Алела кровь, алела кровь,
Как маки…
– Папа! – позвал на помощь Матье.
Нож ударил. И еще раз! И еще!
– Папа, – снова позвал Козловский и потерял сознание.
А Мулуджи допел последние слова своей песни:
Как маленькие маки, друг, как маленькие маки.
Неделя с 17 по 22 декабря 2018 года
Вот уж кто был действительно счастлив в доме номер 12 по улице Мюрлен, так это Миу. В ночь с воскресенья на понедельник кот-толстяк последовал за Жово и вместе с ним прошел через дверь, отделяющую жилую половину дома от рабочей. Теперь он мог поваляться на ковре, а потом поточить о него когти в кабинете Спасителя, пока Жово дремал, устроившись в кресле.
– Что такое?
Миу и Жово насторожились одновременно.
– Опять?
Старый легионер дотащился до входной двери и, открыв ее, увидел Дидье Жерара.
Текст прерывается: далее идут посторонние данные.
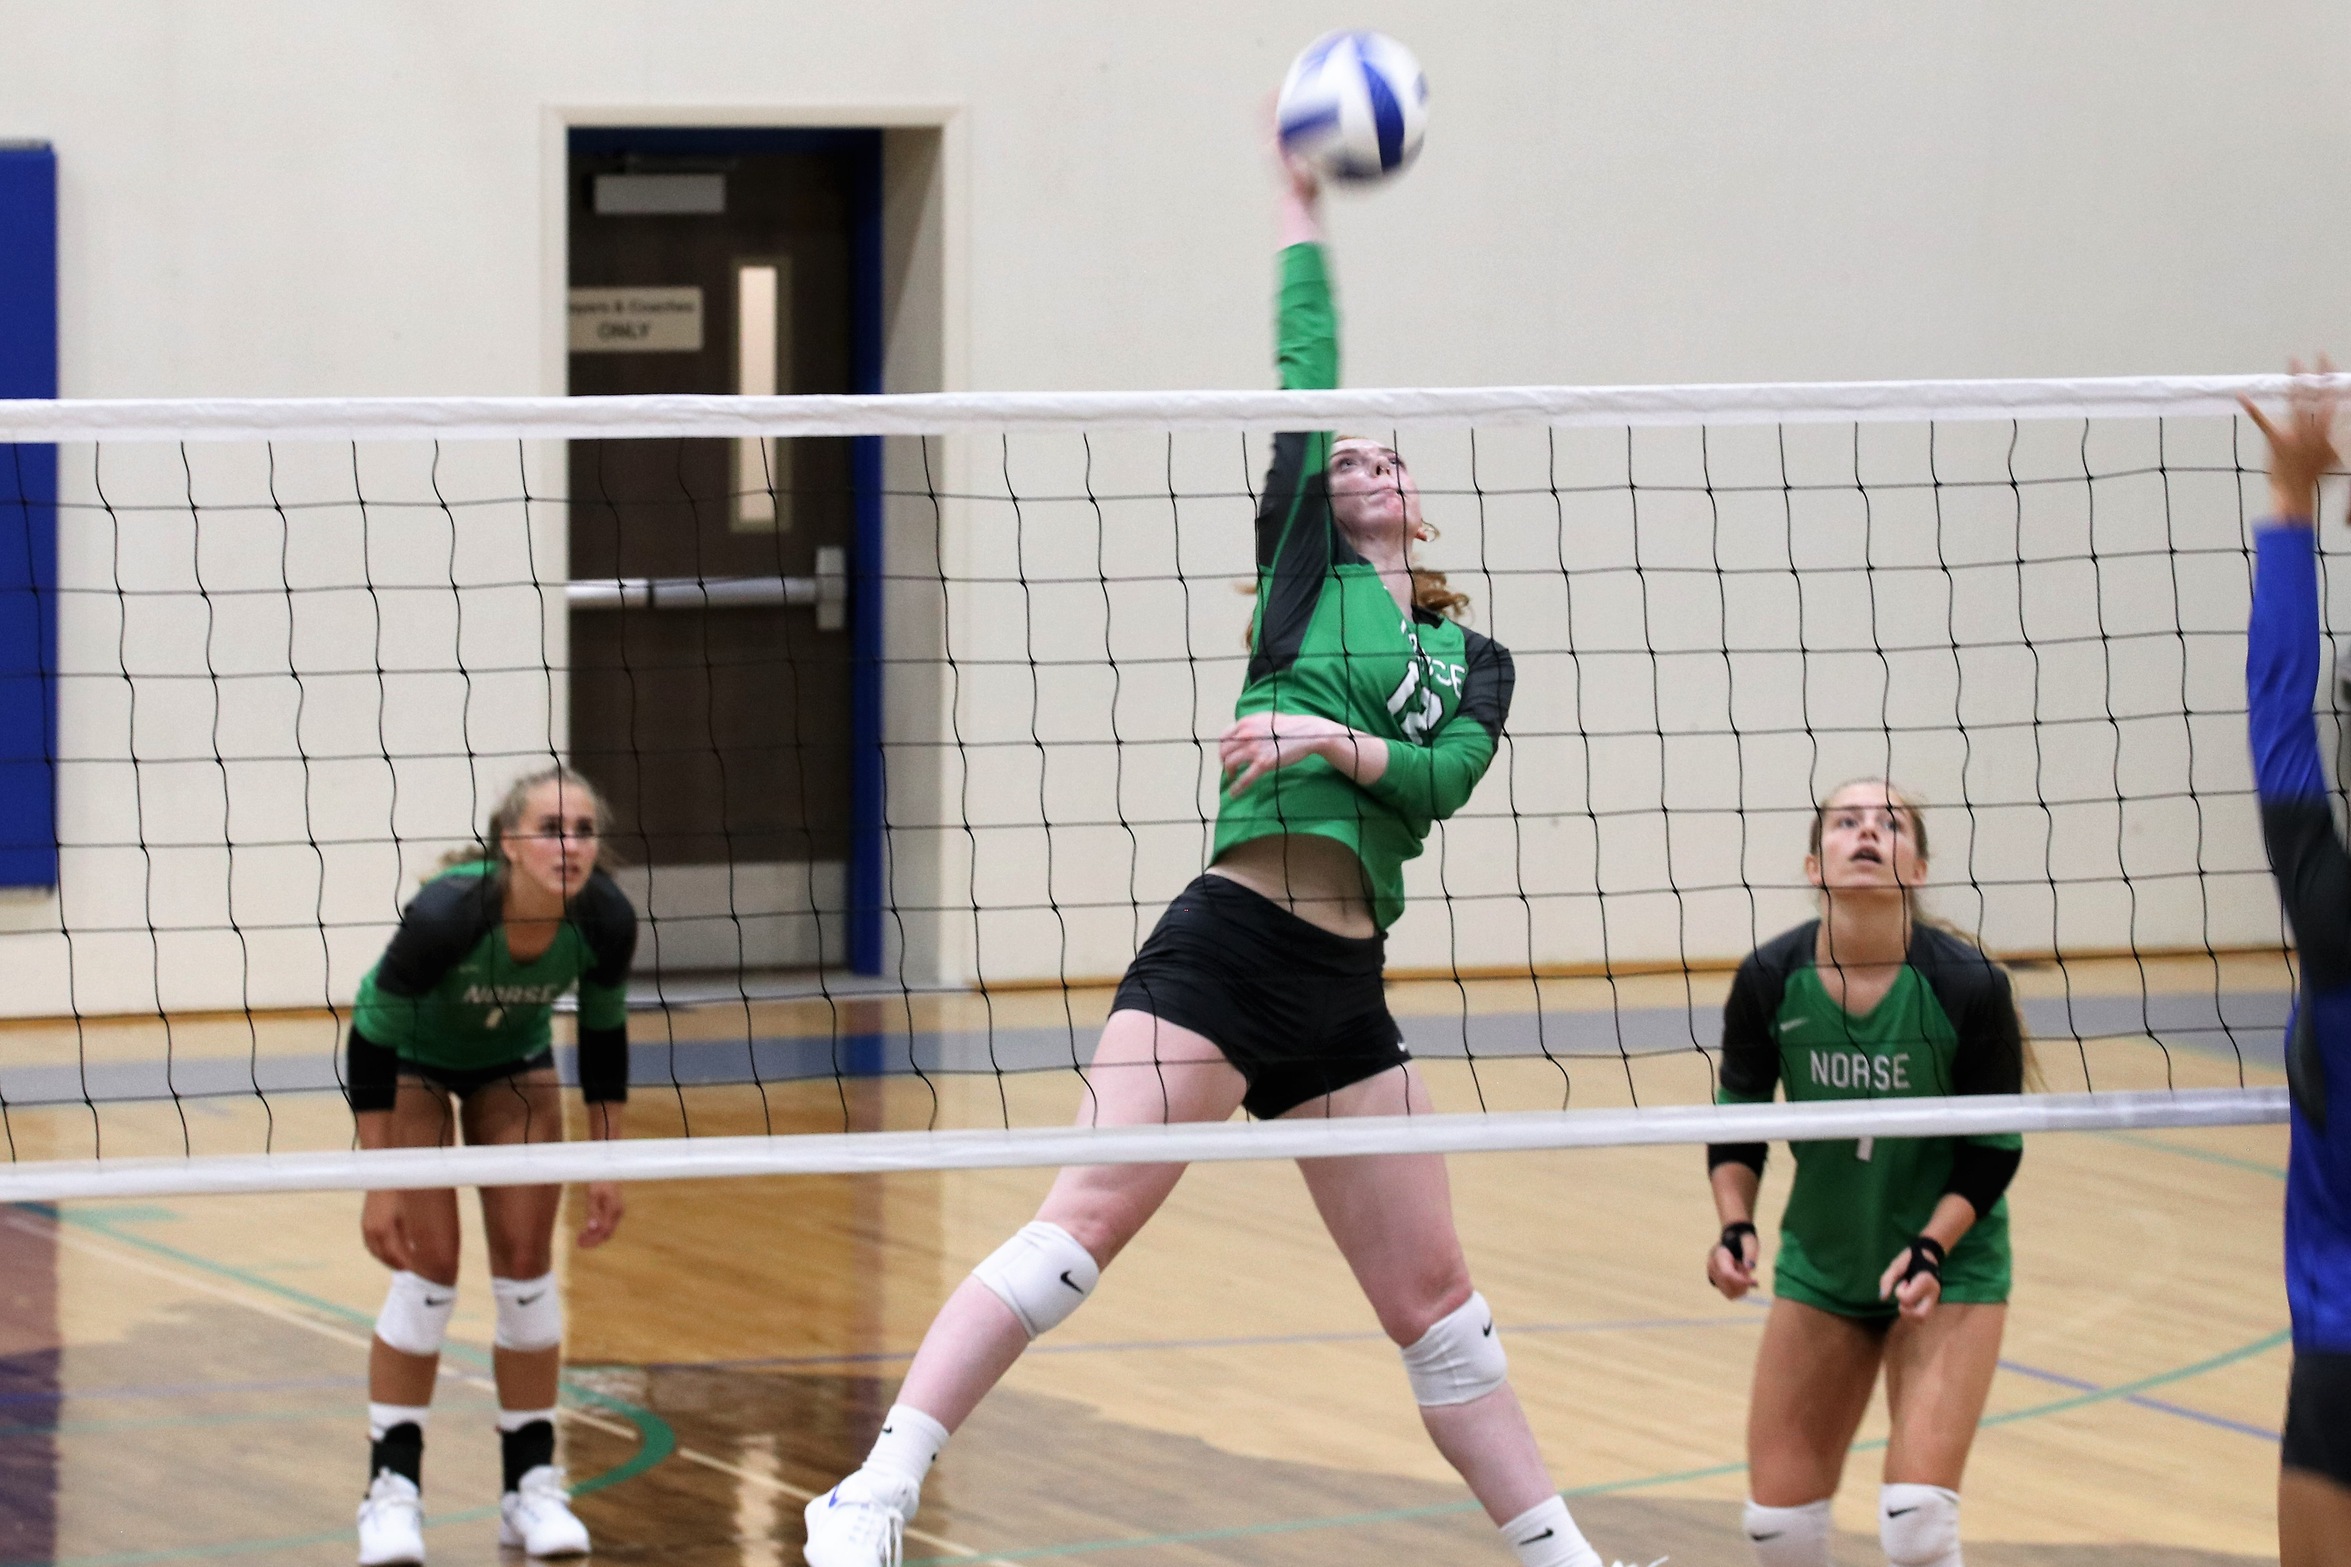 Kylee Tadisch extends in the air for a kill, her teammates looking on
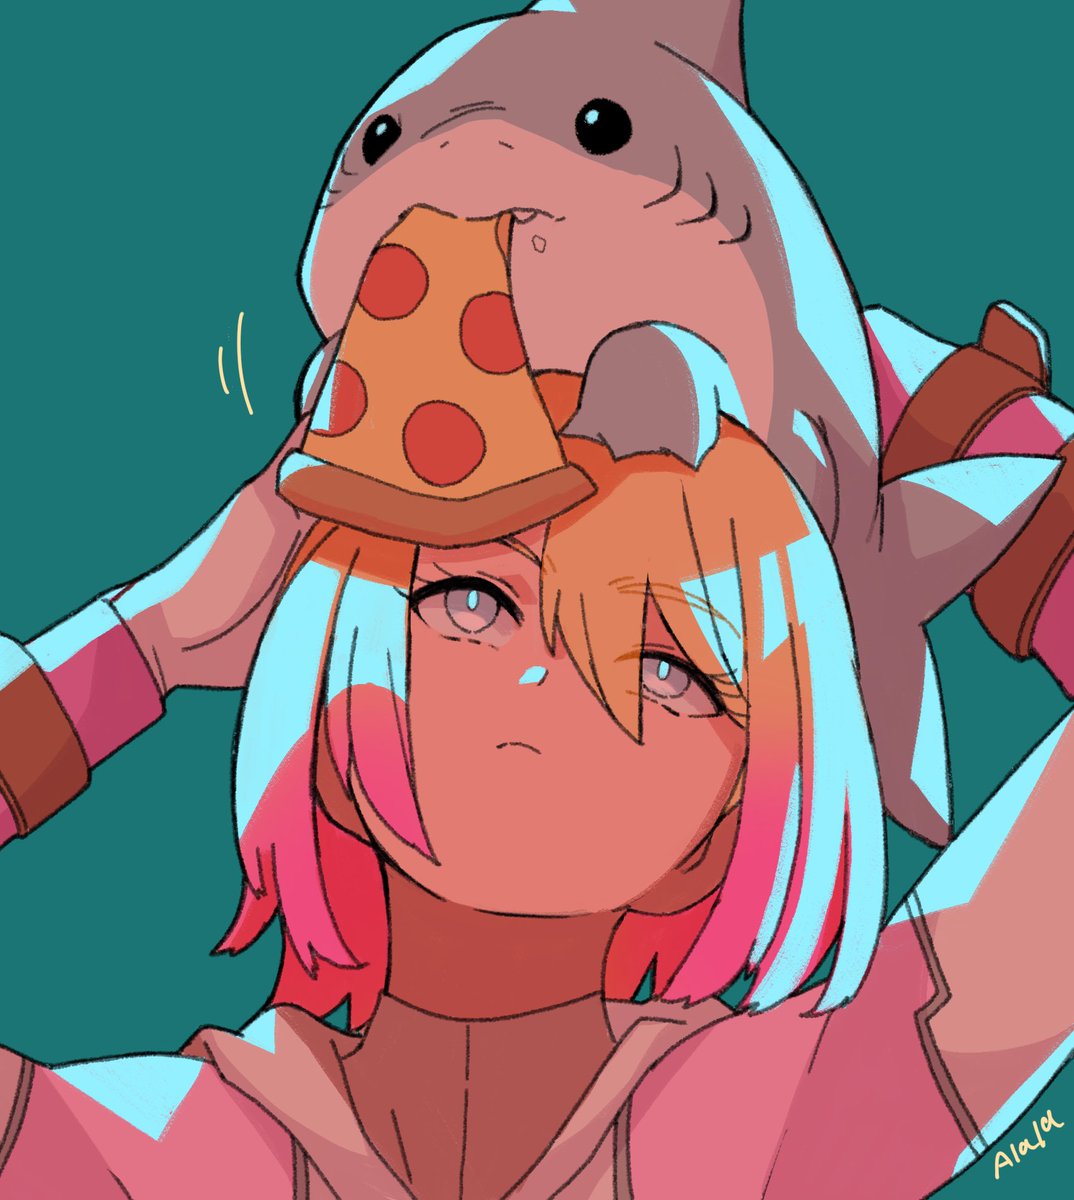 「poole&jeff 」|あらら🍣🍕のイラスト

– Я не вовремя? Конечно, надо было позвонить, простите меня…
Ни домашние, ни подчиненные никогда бы не узнали в этом просителе, так хотевшем, чтобы его любезно приняли, генерального директора фирмы «Роже Жерар. Красота – подарок растений».
– Но мне хотелось поблагодарить вас за невероятную проницательность: это был действительно цианид!
– Ноги-то вытер бы!
– Извините, не понял.
– Ноги, говорю! Снег, что ли, на улице?
– Да, мокрый снег.
Жово, представив мокрые следы, которые оставит на полу посетитель, смотрел на него крайне неодобрительно. Бедный месье Жерар уменьшался на глазах, он уже ждал подзатыльника, какой обычно получал в детстве.